Седрик стоит с подветренной стороны будки-кассы и через опущенное окно приветствует меня со словами:
– Я уже купил тебе билет.
У меня пропадает дар речи; не столько из-за того, что он потратил шесть фунтов на парковку моей машины, сколько потому, что он действительно меня ждал. Я слишком долго проговорила по телефону с мамой, потому что у нее было очень много новостей, опоздала на десять минут, и к тому же шел дождь. У Седрика даже зонта нет, не говоря уже о плаще. Его джинсовая куртка потемнела от влаги. Волосы практически черными прядями свисают ему на лицо, отвлекая мое внимание на легкую, но искреннюю улыбку, а мою фантазию – на поцелуи под дождем. К сожалению – или слава богу? – ливень уже закончился.

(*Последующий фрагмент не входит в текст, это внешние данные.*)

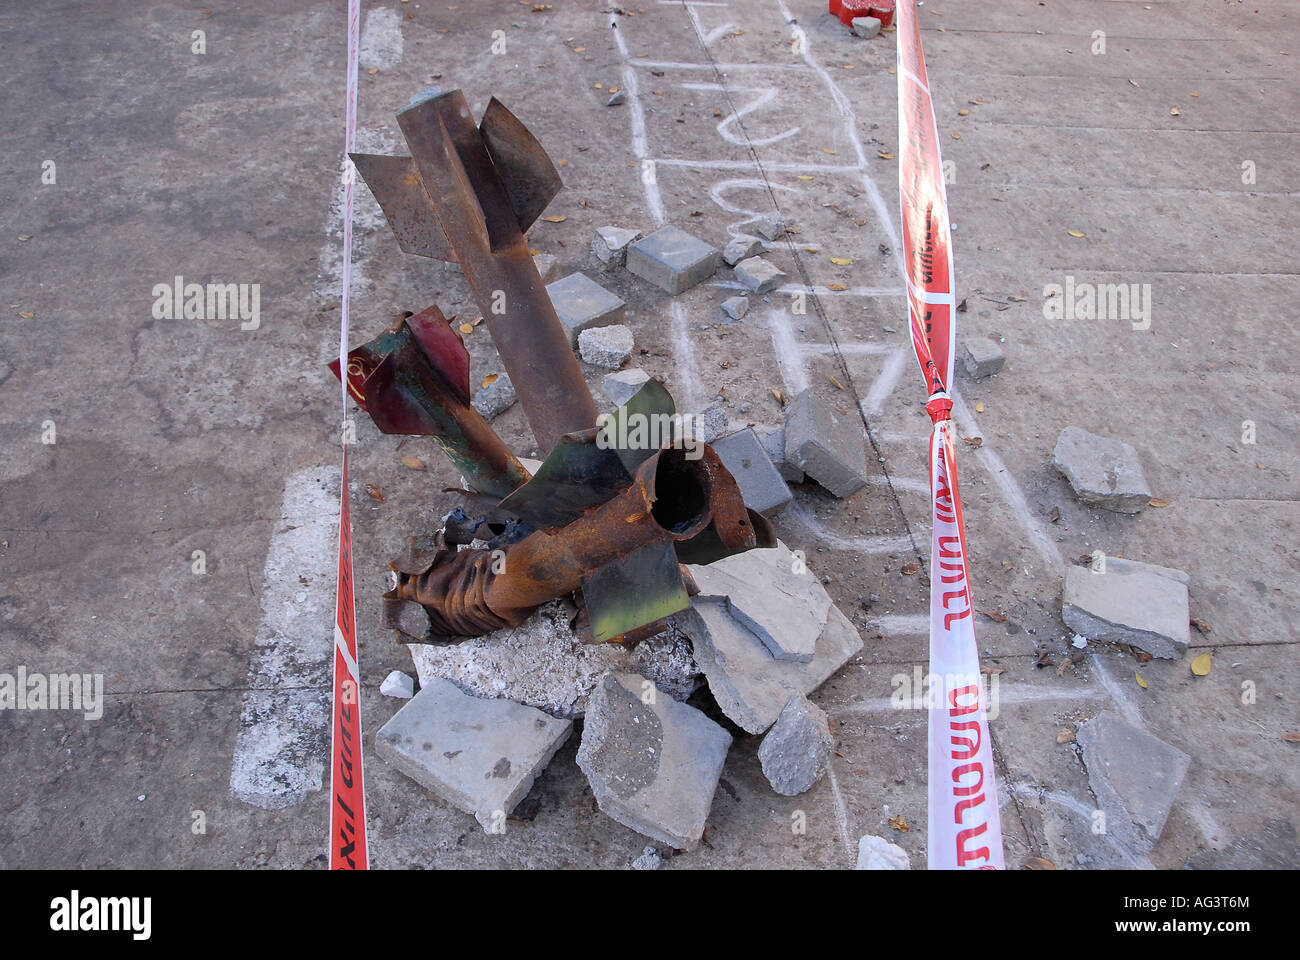 The tail fins of exploded Qassam rockets that were fired from Gaza Strip to southern Israel displayed in Rothschild avenue in Tel Aviv Israel Stock Photo
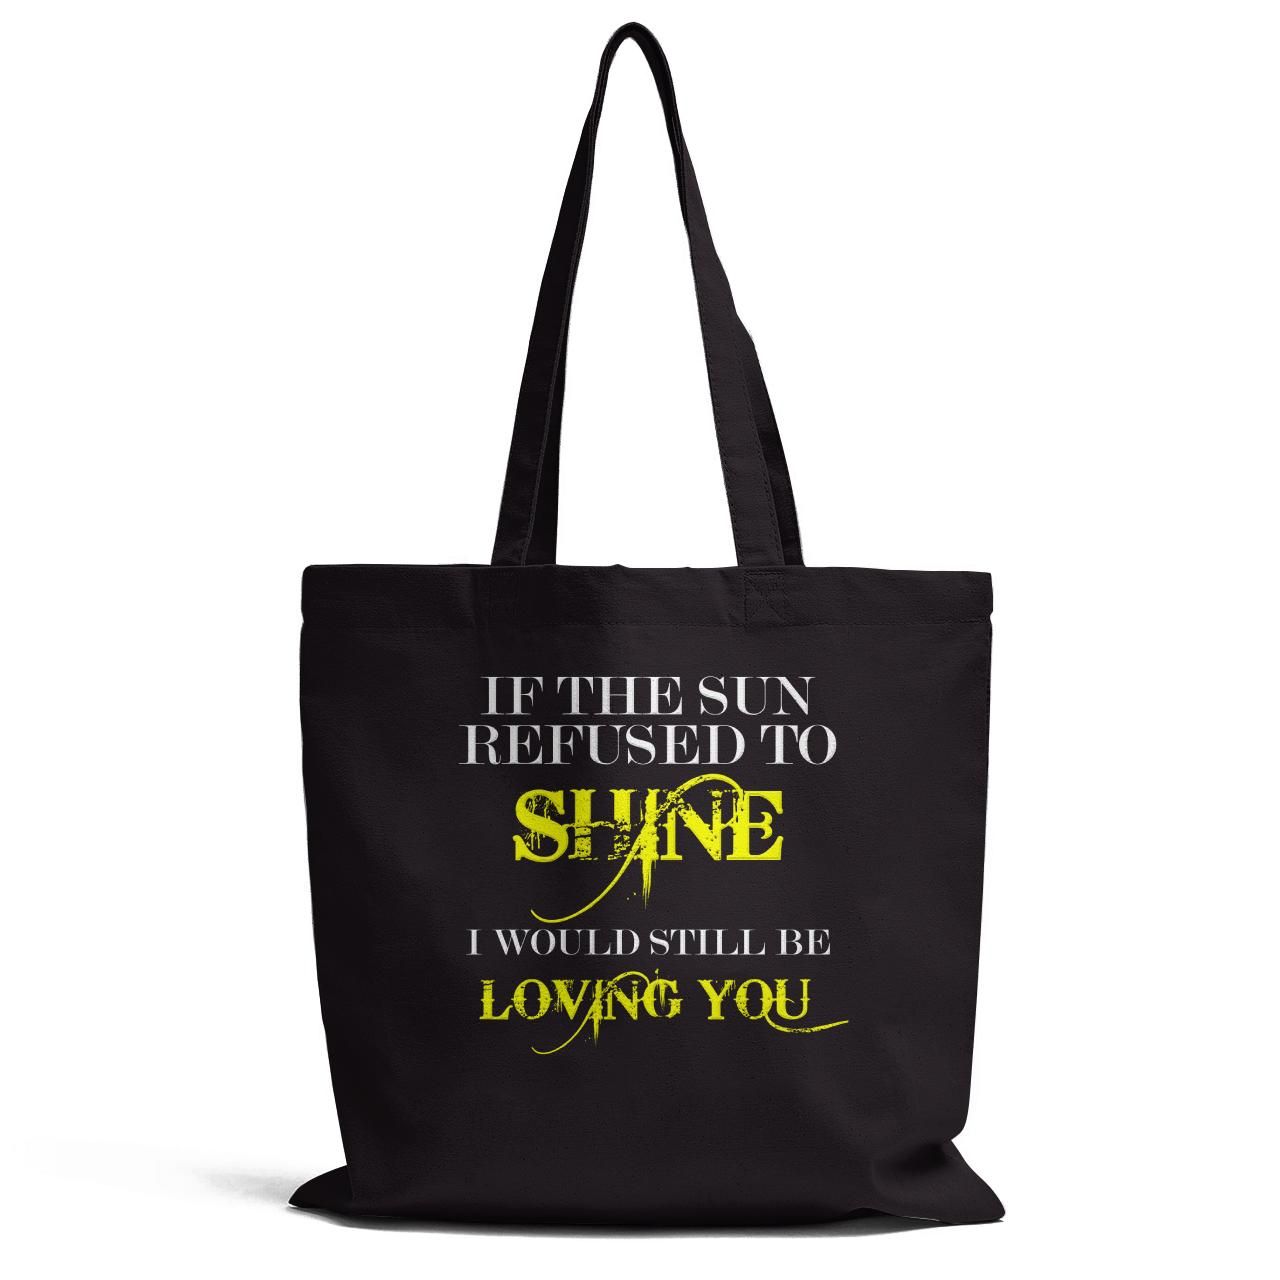 Is The Sun Refused To Shine I Would Still Be Loving You Tote Bag

Торопливо припарковавшись, я медленно иду к Седрику, который ждет перед въездом. Не то чтобы у меня перехватывало дыхание или участилось сердцебиение из-за того, что я так спешила! Весь мой план на вечер держится на подчеркнуто непринужденной независимости. Это впечатление – реальное или нет – нужно сохранить любой ценой.
Мы здороваемся коротким объятием, слишком коротким, как по мне, и Седрик произносит:
– Рад, что ты пришла.
– Спасибо, что подождал.
Он переводит взгляд с блочного кирпичного здания на облупившуюся краску будки, а затем на какие-то обломки возле забора.
– Теперь я знаю, какие чудесные уголки пропускаю, когда постоянно езжу на метро.
– А куда мы вообще идем? – От вопроса, не холодно ли ему, я воздерживаюсь. Пока.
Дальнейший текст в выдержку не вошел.